Оттого такое нетерпенье. Оттого нельзя терять ни одного часа. Оттого взялась команда Ходжи за перегрузку бутылок из трюма в вагон. Моряки не любят погрузок, какое им дело? На это в порту должны быть рабочие-грузчики, но что же делать, если их не прислали сегодня? Не ждать же вот этих парней, которые даже прикинуться не могут рабочими, волыня и пропуская сквозь пальцы драгоценное время, которые вот бросили бутылки на пристани и ушли бранливой оравой, не догрузив своего вагона. Матросы взялись за работу сами, и чем напряженней будут сгибаться их спины, тем скорее, чем утомительней труд сегодня, тем лучше им завтра...

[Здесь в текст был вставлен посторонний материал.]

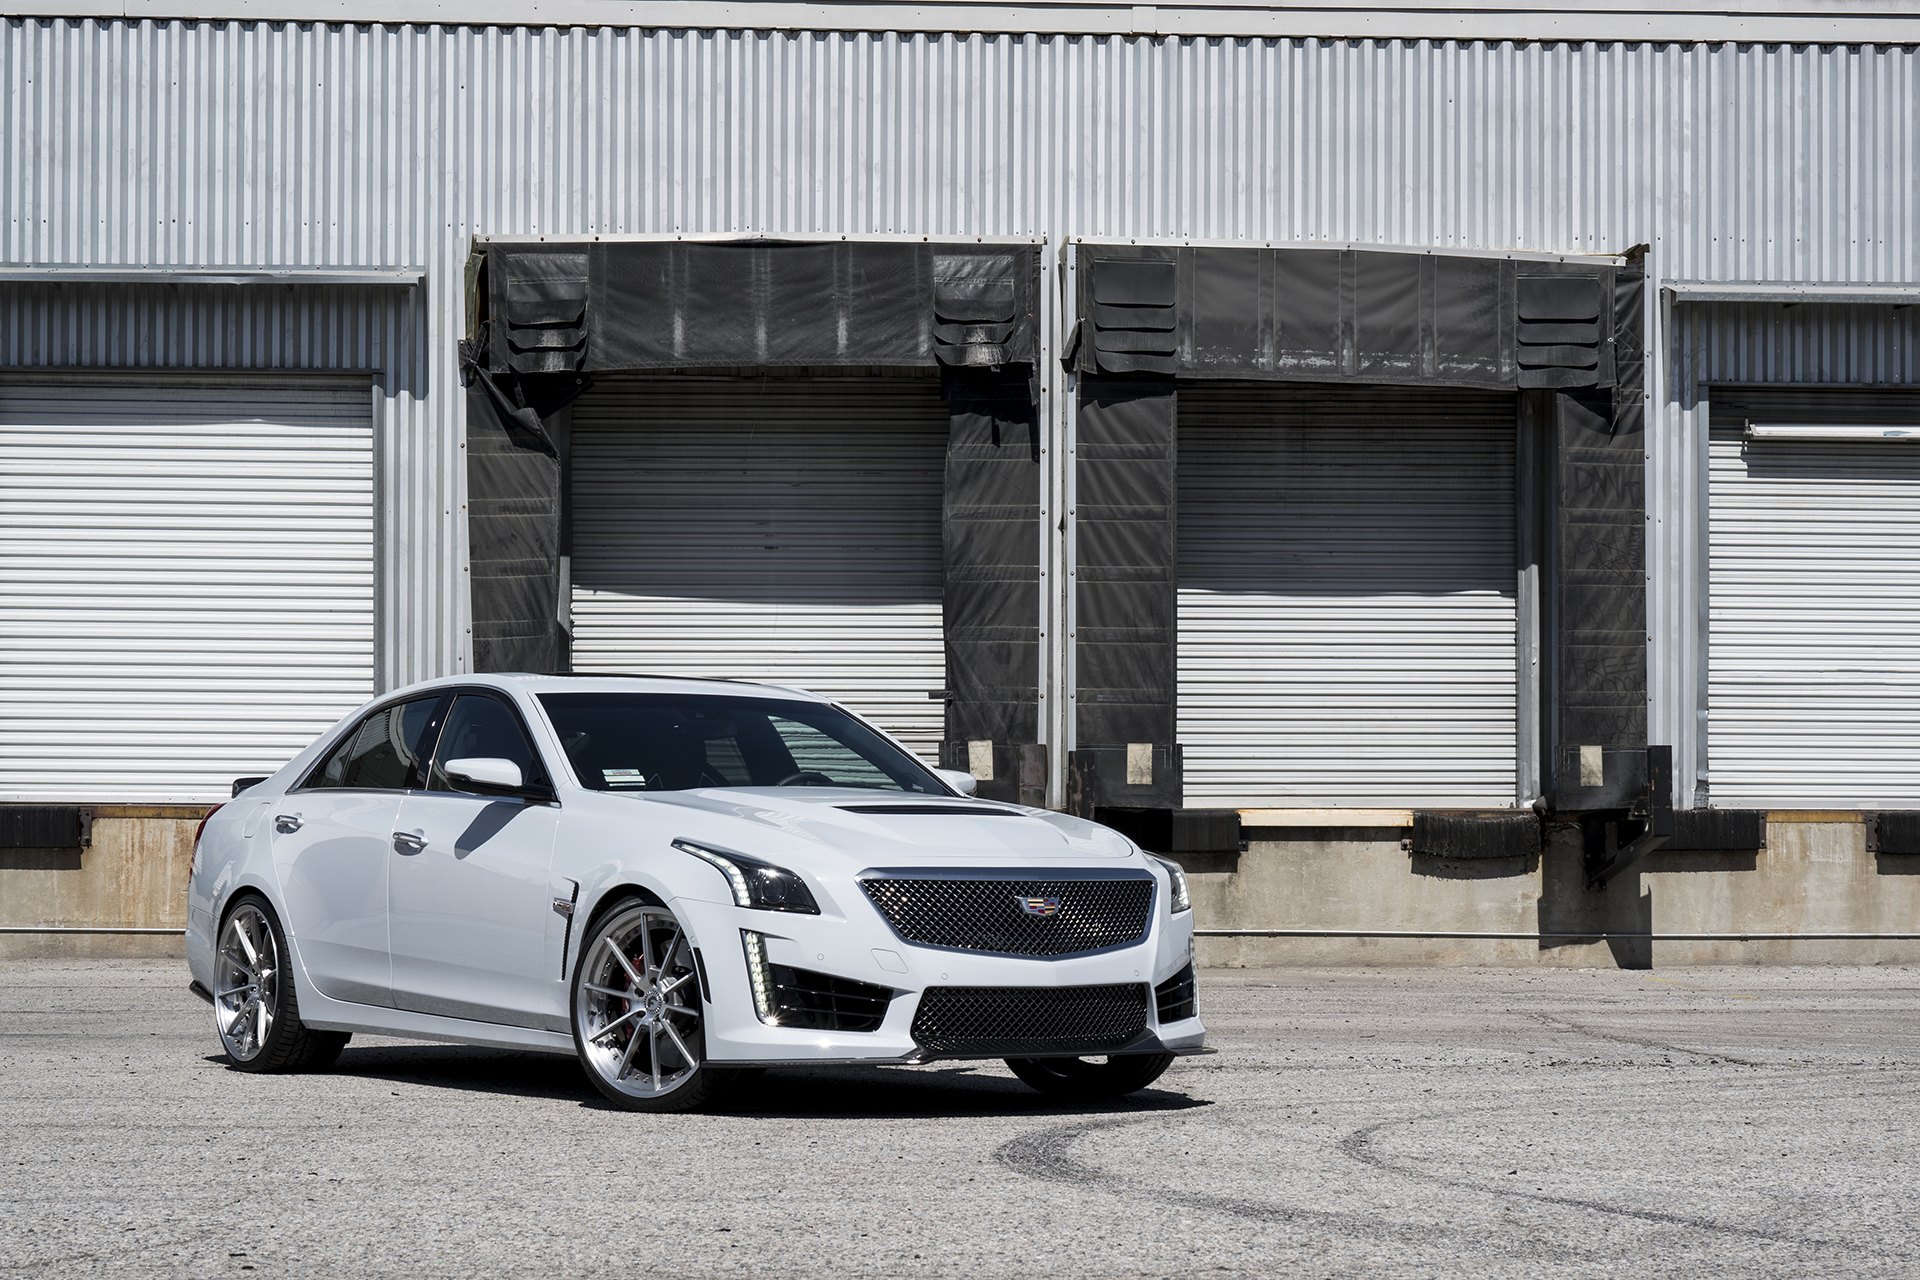 Gray Cadillac CTS with Blacked Out Mesh Grille - Photo by Forgiato

В жизни писателя есть много более важных дел, чем разгрузка стеклотары. Что в этом увлекательного, поэтического? Но Павел Николаевич видит за второстепенными деталями главное: он видит, что туркмены – люди другой национальности – приняли его в свою трудовую семью, как брата, так же, как в гражданскую его приняли казахи, в Ташкенте – узбеки, позже абхазцы, аджарцы, с которыми он плавал по Черному морю, и тоже не пассажиром, а членом команды.
Лукницкий понимает, что люди все одинаковы и, естественно, везде стремятся к равенству. И он начинает нащупывать свою тему в литературе.
ИЗ ДНЕВНИКА ЛУКНИЦКОГО
24.08.1929
Кончилось рабочее время, и на берег, к пристани, явилась ватага русских. Это были веселые парни. Они явились в трусиках, с непокрытыми головами. Звонким смехом и шутками они разбили голубую стеклянную тишину предвечерья.
– Эй, братва, становись!.. Алешка, ты выходи первым... Ваня, отмерь дистанцию... Бери диск, Алешка...
Это были русские физкультурники.
Алешка, поджарый и длинный, в пестрых, черно-красных трусах, сделав выпад левой ногой, ревизовал прищуренным глазом требуемое расстояние и мускульным инстинктом рассчитывал силу броска. Каменная тарелка диска тяжелила его закинутую назад, напряженную в кисти руку.
– Вали!..
Алешка свился в спираль, разогнулся мгновенной пружиной, врылся ногою в стопорящий ее песок, выбросившая энергию рука забыто медлила в воздухе – и взоры всех шли дугой, за коловращением летящего диска.
Туркмены не утерпели. Все, сколько их было на лодках, сохраняя медлительность в спешащих шагах, двинулись с пристани на берег, сгрудились толпою на почтительном расстоянии от игравших и увлеченными глазами стали следить за игрой. Каждый новый полет диска отражался быстрым, гудящим шепотом в их ораве. В лице Ходжи я заметил азарт. Плотный и коренастый Элки выдвигался вперед, улыбаясь как зачарованный. Выйдя несмело из круга туркмен, он вдруг решился, пробежал несколько шагов по направлению к игравшим, остановился, поднял руку...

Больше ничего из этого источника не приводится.